From: Tariq Toukan <tariqt@nvidia.com>
To: "David S. Miller" <davem@davemloft.net>,
Jakub Kicinski <kuba@kernel.org>, Paolo Abeni <pabeni@redhat.com>,
Eric Dumazet <edumazet@google.com>,
"Andrew Lunn" <andrew+netdev@lunn.ch>
Cc: Saeed Mahameed <saeedm@nvidia.com>,
Leon Romanovsky <leon@kernel.org>,
Tariq Toukan <tariqt@nvidia.com>, <netdev@vger.kernel.org>,
<linux-rdma@vger.kernel.org>, <linux-kernel@vger.kernel.org>,
Moshe Shemesh <moshe@nvidia.com>, Mark Bloch <mbloch@nvidia.com>,
Vlad Dogaru <vdogaru@nvidia.com>,
Yevgeny Kliteynik <kliteyn@nvidia.com>,
Gal Pressman <gal@nvidia.com>
Subject: [PATCH net-next 00/10] net/mlx5: HWS, Complex Matchers and rehash mechanism fixes
Date: Sun, 11 May 2025 22:38:00 +0300 [thread overview]

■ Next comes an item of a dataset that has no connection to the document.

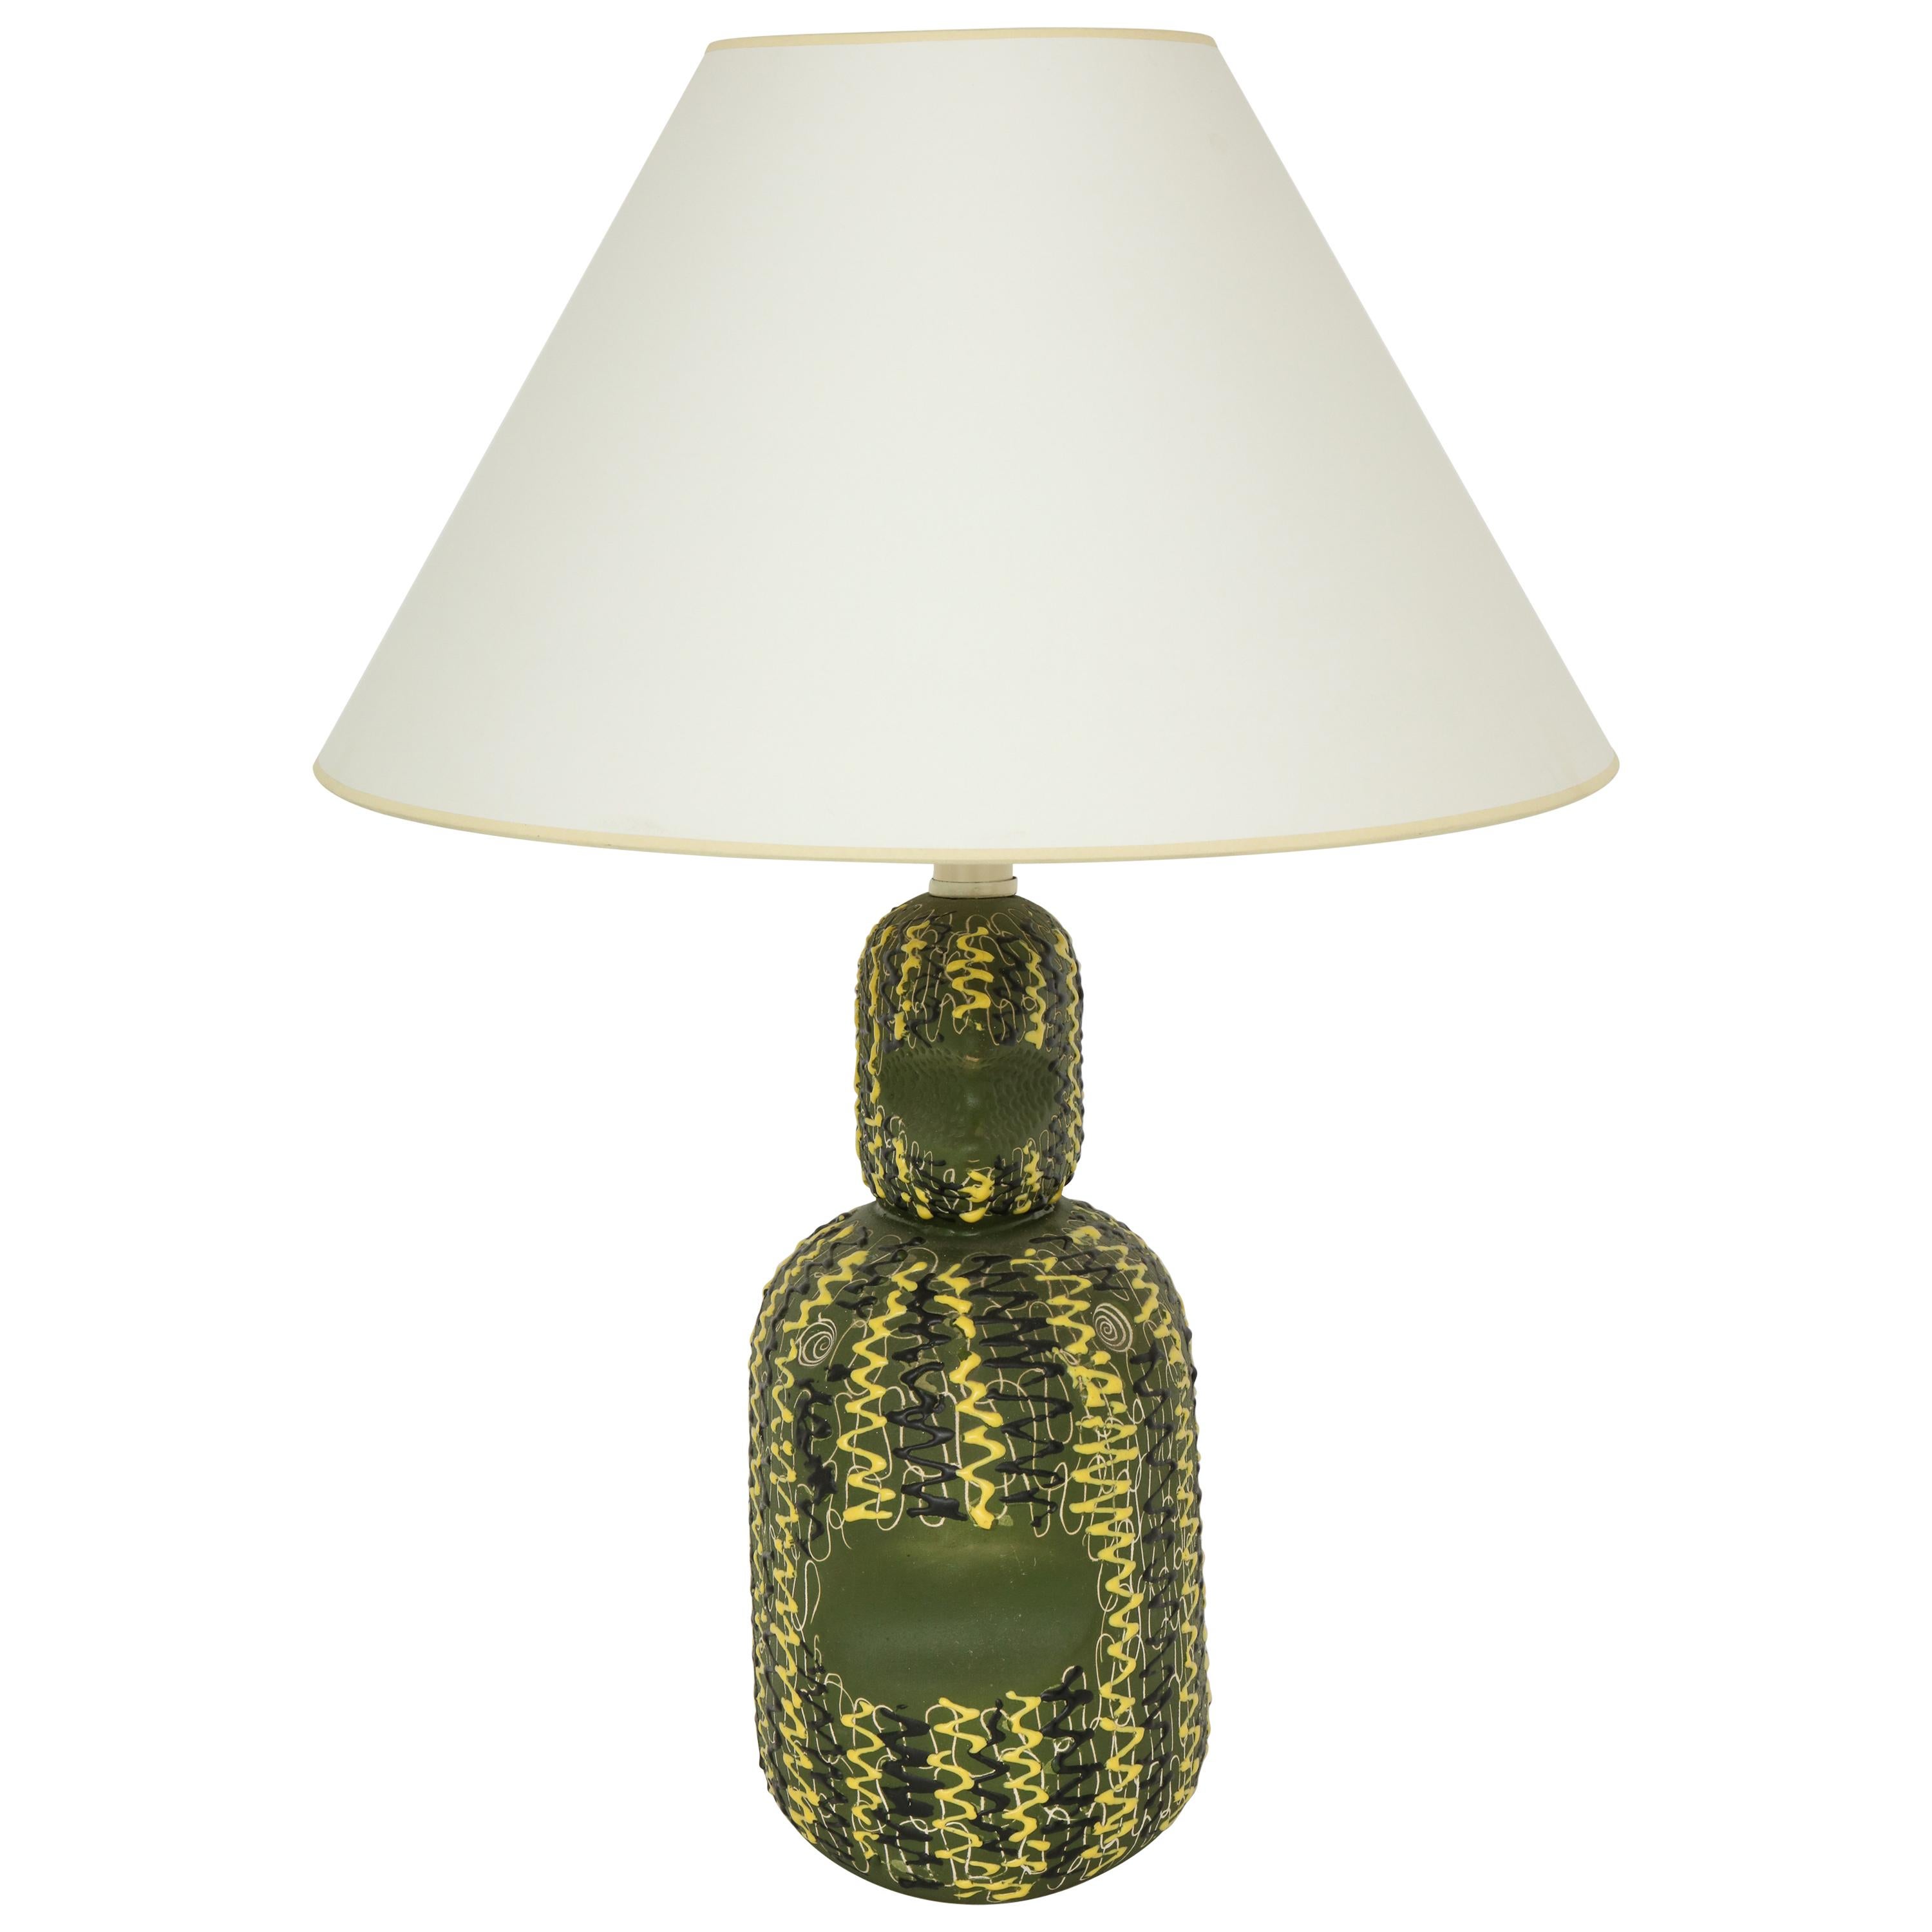 Italian Midcentury Green & Yellow Ceramic Table Lamp

Message-ID: <1746992290-568936-1-git-send-email-tariqt@nvidia.com> (raw)
Hi,
This series by Yevgeny adds Hardware Steering support for Complex
Matchers/Rules (patches 1-5), and rehash mechanism fixes (patches 6-10).
See detailed descriptions by Yevgeny below [1][2].
Regards,
Tariq
[1]
Motivation:
----------
A matcher can match a certain set of match parameters. However,
the number and size of match params for a single matcher are
limited — all the parameters must fit within a single definer.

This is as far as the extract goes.